Хотя и не могут мысли проникнуть под тёмный грунт,

оно – с течения сбившаяся

река, превращённая в пруд,

но бьётся под этим грунтом трепещущий ключ цветной,

и мир не придумал яростней защиты себе иной.


Мазурка

Включались прожекторы, юрко

стреляли лучами сквозь дым.

Дробилась, качалась мазурка

над домом, от снега седым.

Как светлы там были ступени

и свеч силуэты – тонки!

Как будто чернилами тени

писали в альбомах стихи.

Высоких аккордов кружение,

качнувшихся пар торжество.

паркетный мираж отражения,

и всё для чего, для чего?


Так вышло: заранее знала

и мыслила, тайну круша,

за дымкой январского бала

мелькнуть и исчезнуть душа.

* * *

Творчество – это когда ты один в квартире

на межгалактической полосе,

сверху кометы, плечи в небесной пыли,

птица в ладони. Ты не такой, как все.


Люди, послушайте, правды я здесь не вижу.

Может случиться, что я её не найду.

Если бы вы осторожно читали выше,

вы бы узнали, как говорят в бреду.

Вижу, вашей беспечности не нарушу,

ибо скандальность – основа моих основ.


Только она умрёт, я прорвусь наружу,

не рассказав вам ни толики этих снов.



* * *

Мне было тесно и в рамках улиц:

как ледяных и скользких устриц

считал, чтобы уснуть, банкир,

так я считала сны. Их мир

кричал с экранов, был трубой их

времён.

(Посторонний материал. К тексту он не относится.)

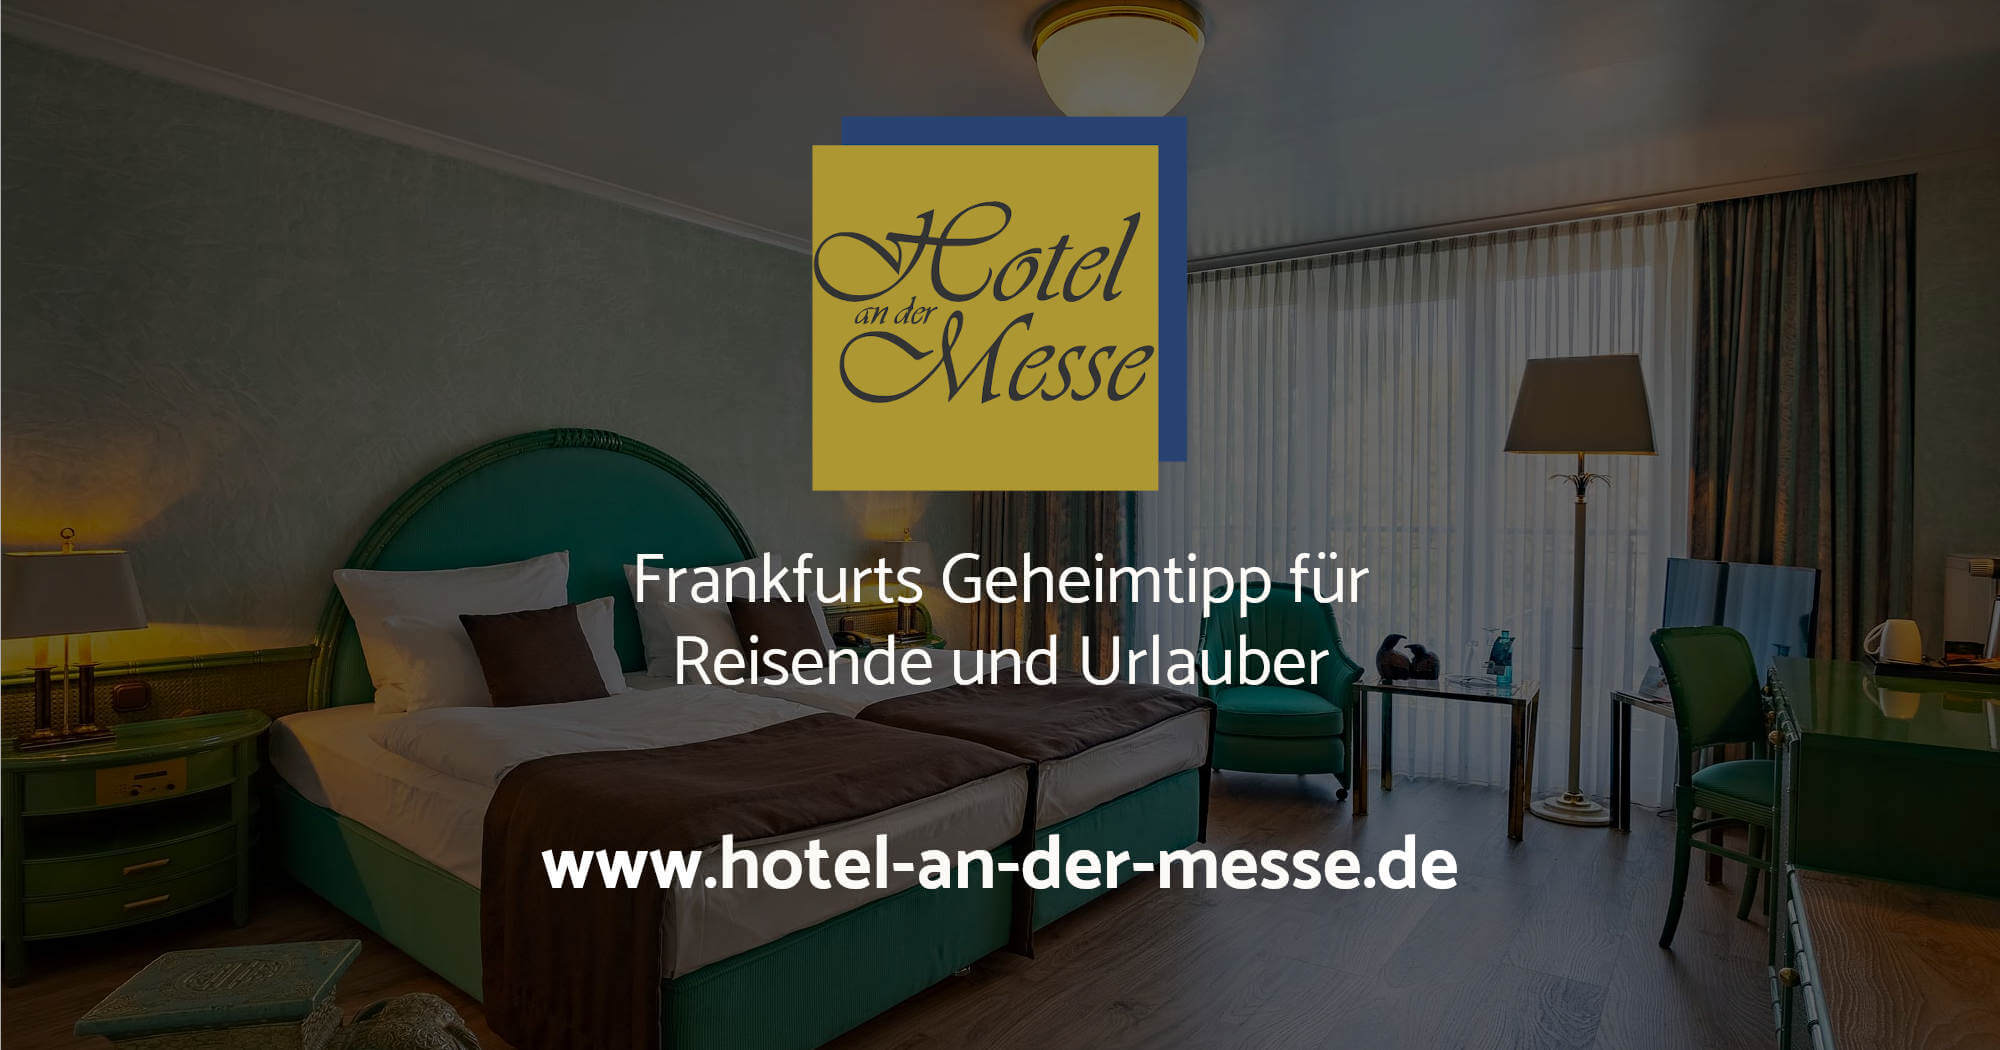 (c) Hotel-an-der-messe.de

Я сглатывала с болью

тот привкус холодно экранный.

Мне было призрачно и странно.

Я уходила от зеркал,

от отблесков и отражений,

почувствовав опережение

чужих коней, ракет и шкал.


Мой голос бредил тенью свыше.

И я кричу Ему «Продли же!

Мой замысел не видел свет».

И то, в чём пряталось бесплотность,

вдруг обрело нерукотворность,

свой взгляд, дыхание и след.


Ангел-хранитель

Когда твой взгляд становится холодным

от той тоски, что селится внутри,

и зависть, вкравшись с видом благородным,

тебе кричит: злорадствуй и замри,

когда ты сам себя не принимаешь,

и сам себя в отчаянье зовёшь,

и невзначай хрустальное ломаешь,

впадая в очистительную дрожь;

когда легко забыть о самом важном,

а злой закон твердит тебе: «спеши»,

когда, в движенье бросившись отважно,

не видишь в том движении души,

когда вся жизнь перечит и ломает,

и мир не прав, и в светлом видишь тьму,

когда никто тебя не понимает,

ты слышишь чей-то голос: «я пойму».

Когда борьбе, заботе или горю

пустые дни идут, обречены,

ты ощущаешь – кто-то есть с тобой, и…

и видишь утешительные сны.

А вскоре тает тот туманный, зыбкий,

неукротимый, злой круговорот,

лишь только тень невидимой улыбки

зерном, горячим, в сердце упадёт…

* * *

Поймите нас, возвышенных до крайности,

спустившихся, как мраморы с колонн,

шагающих босыми по бескрайности,

влетающих на сцену и в салон.

Не выдержав, как маленькие лилии,

в чужой оранжерейности и без,

в случайных снах мы все однажды видели,

как парусник спускается с небес.


Поймите тех, субтильных и безжалостных

ко всякому, порочащему честь,

кто в летописях, древних и скрижалистых,

находит упоительную весть.

Холодноруких, бледных, неразгаданных,

тревожных и надменных (не со зла).

И сердце ваше на путях безрадостных

пронзит животворящая стрела!


Поймите нас, и будут вам истории,

гимнасты, менестрели, циркачи,

пути, преображения, мистерии,

звенящие и хрупкие ключи

от всех дверей. Но в призрачной обители

вы нас не оставляйте «на авось»:

сожмите крепко руки нам, поймите, и

уже не прошагайте с нами врозь.



Метафоры

Рыжий закат проплывал в окне —

Перья Жар-Птицы в руках!

Если душа моя не во мне,

Господи, это как?

Феникс из пепла, из сажи Пегас,

Безумным словам – простор.

Фитиль заката в окне погас.

Сердце моё, за что?

Нет ничего бесподобней права

Жечь в темноте свечу,

Горизонтально, влево и вправо,

Мыслить, как захочу.

И, освещая привычный строй

Спрятавшихся фигур,

Быть только откликом,

Детской игрой,

Знаком на берегу.

Может быть, странники всех морей

Вычислят мой маяк,

Бегло взглянув со своих кораблей.

Только когда и как?


Михаилу Кукулевичу

(в день нашей встречи в Ялуторовске)

Вот дом музейный, маленькая лесенка,

скрипящий пол и фортепиано в комнате.

Вы начали про Шиллера и Лессинга,

а я вам про Вольтера, долго, помните?

Вы дали знать: из истинных мыслителей,

как правило, не встретишь атеистов.

А с ветхих стен, печально-ослепительны,

смотрели в зал портреты декабристов.


Прошло два века. Разве это разница?

Два века – как мгновения для вечности.

А за стеной музейная охранница

встревожено шептала: «Сколько свеч нести?»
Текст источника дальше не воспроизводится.